Dataset records ->
--------
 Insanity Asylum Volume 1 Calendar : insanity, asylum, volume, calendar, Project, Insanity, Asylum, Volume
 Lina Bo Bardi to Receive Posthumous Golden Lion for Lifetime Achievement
--------
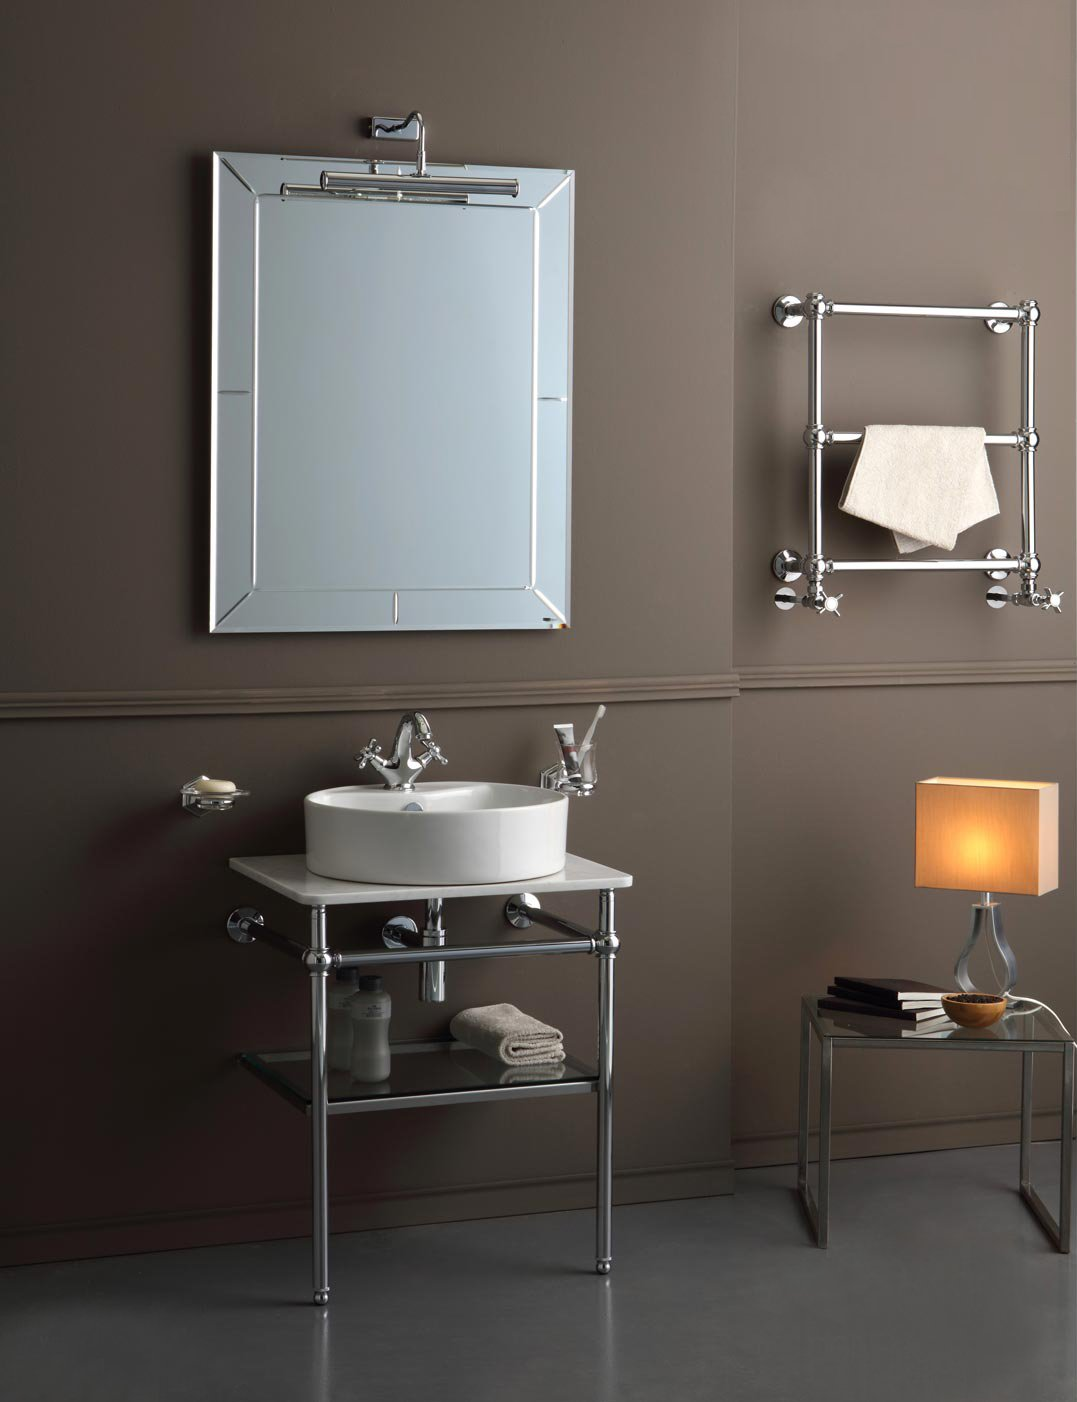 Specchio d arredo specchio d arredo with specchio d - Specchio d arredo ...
--------
Task prompt ->
Transcribe the records above from the line holding "Insanity Asylum Volume" down to the line holding "Lina Bo Bardi", inclusive, without adding anything.

Solution for this task ->
 Insanity Asylum Volume 1 Calendar : insanity, asylum, volume, calendar, Project, Insanity, Asylum, Volume
 Lina Bo Bardi to Receive Posthumous Golden Lion for Lifetime Achievement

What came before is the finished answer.